In 2000, President Clinton signed the Electronic Signatures and Global and National Commerce Act, sometimes referred to as the "E-Sign Act."
The law states that:
- A signature, contract, or other record relating to a transaction, may not be denied legal effect, validity or enforceability solely because it is in electronic form; and
- A contract relating to such transaction may not be denied legal effect, validity or enforceability solely because an electronic signature or electronic record was used in its formation.
However, there are exceptions to the statute. For example, the law does not apply to wills, adoptions, divorces or documents to be executed in accordance with court proceedings. However it does apply to many other situations in which a signed writing is required, including employment agreements that cannot be completed in a year, sales of livestock for more than $5,000, sales of real estate and, as is the case here, the sale of goods for $500 or more.

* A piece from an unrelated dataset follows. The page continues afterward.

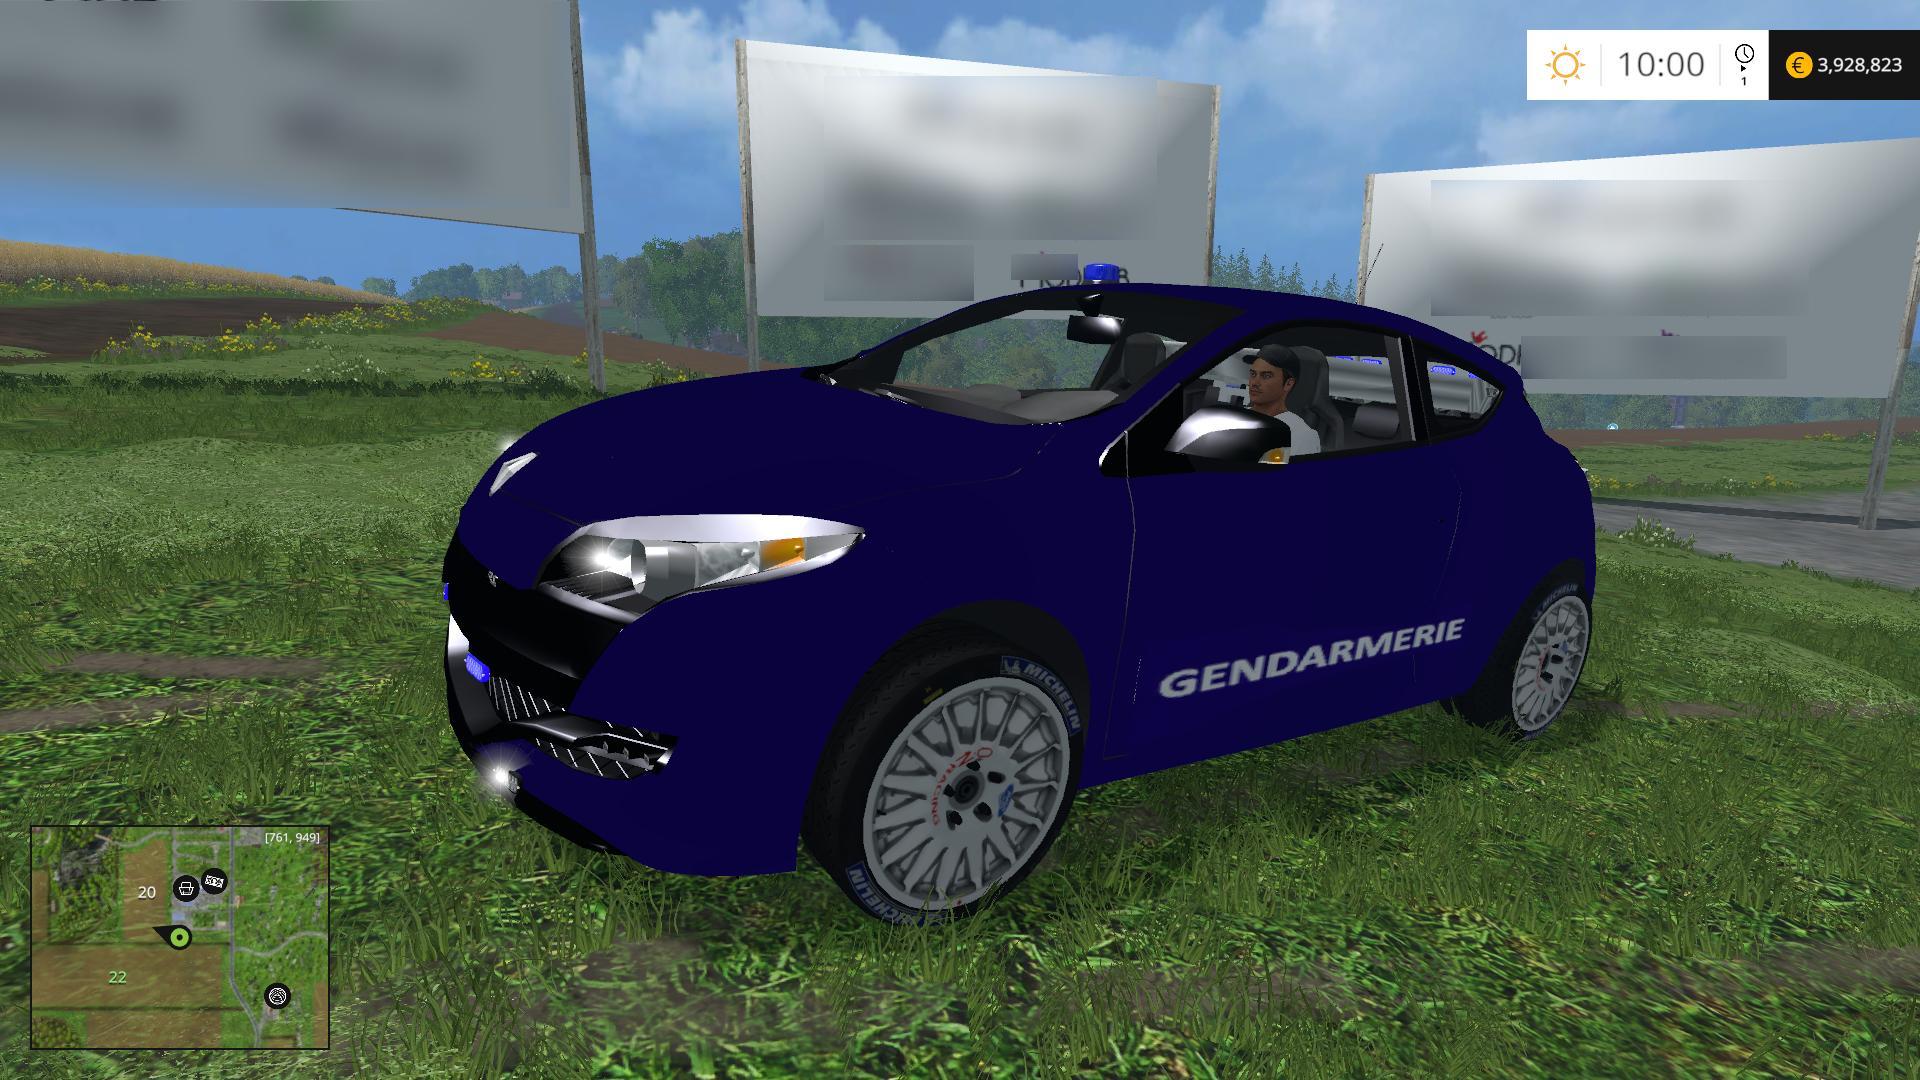 megane rs gendarmerie farming simulator 17 19 mods. Black Bedroom Furniture Sets. Home Design Ideas
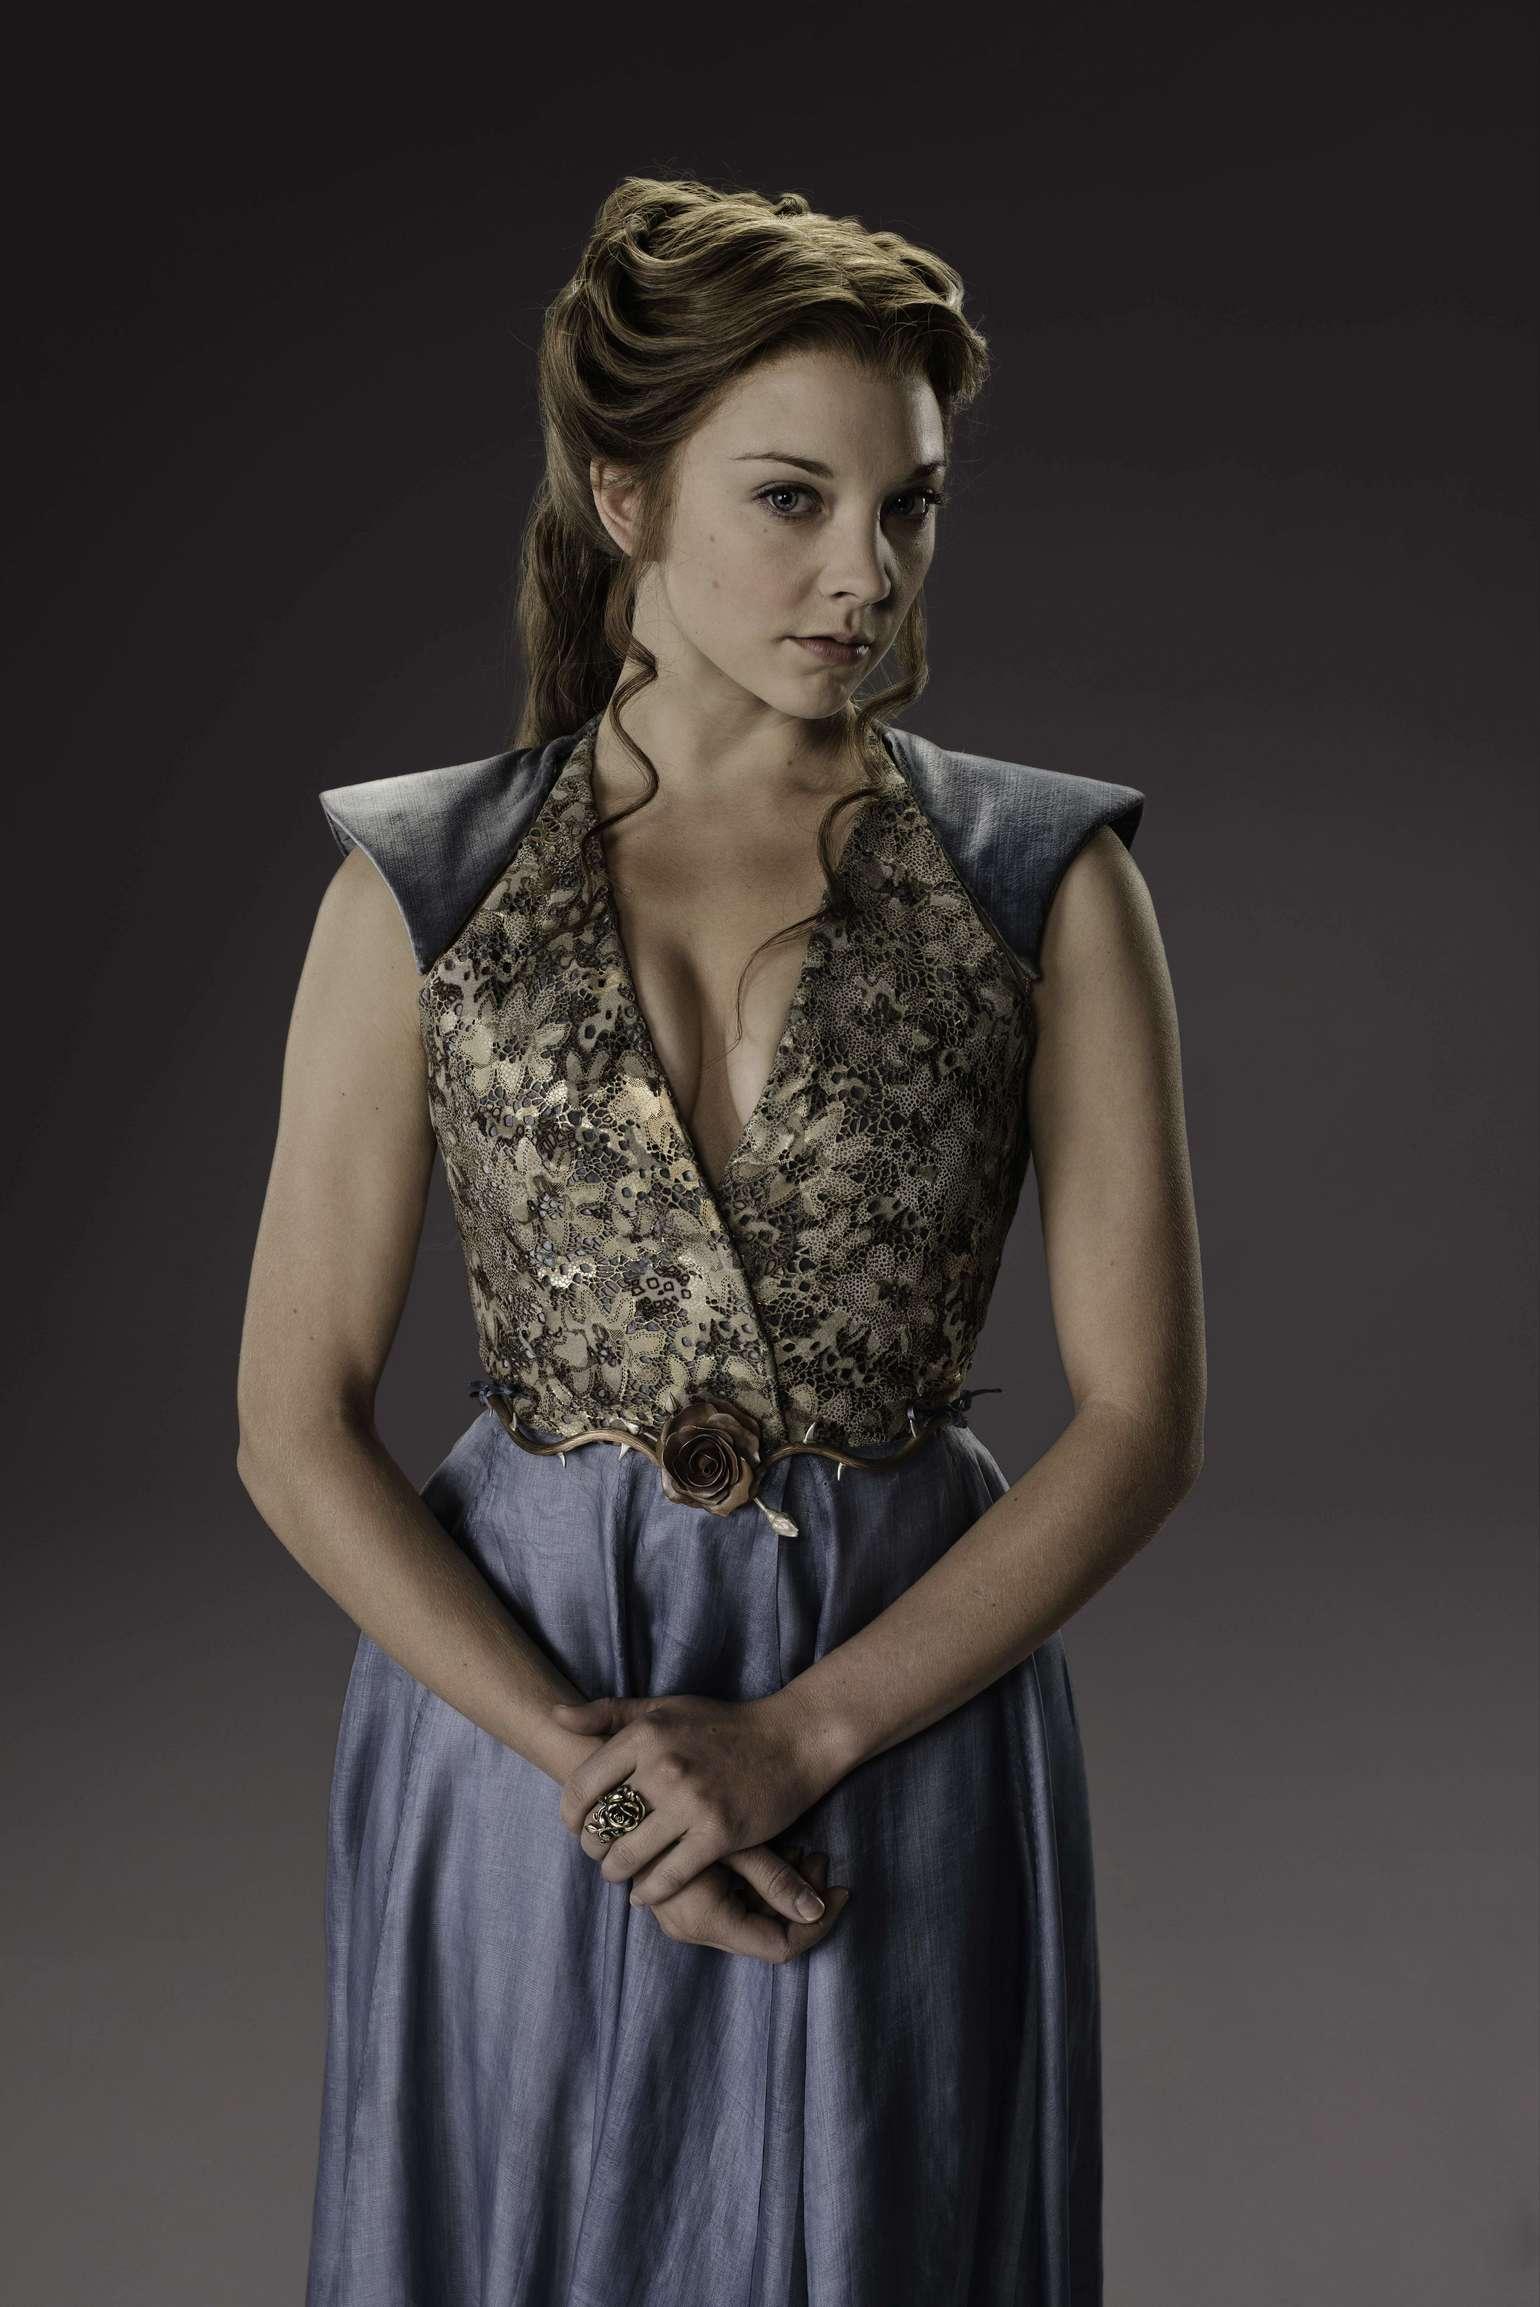 Natalie Dormer Spiel der Throne

Any person asserting that a contract has been entered into via e-mail must still prove that the other party actually sent and received the e-mails in question. Contrary to what you might think, sufficient proof will usually not be that difficult to provide. So the next time you're considering sending an e-mail to seal a deal, be sure about what you are sending - as it just might be enough to form a contract.
Rob Hassett is an attorney in technology, entertainment and corporate law with the Atlanta law firm of Casey Gilson P.C. If you have a question about intellectual property or corporate law, contact him at rob@internetlegal.com. This column is provided for general information only, and does not constitute legal advice.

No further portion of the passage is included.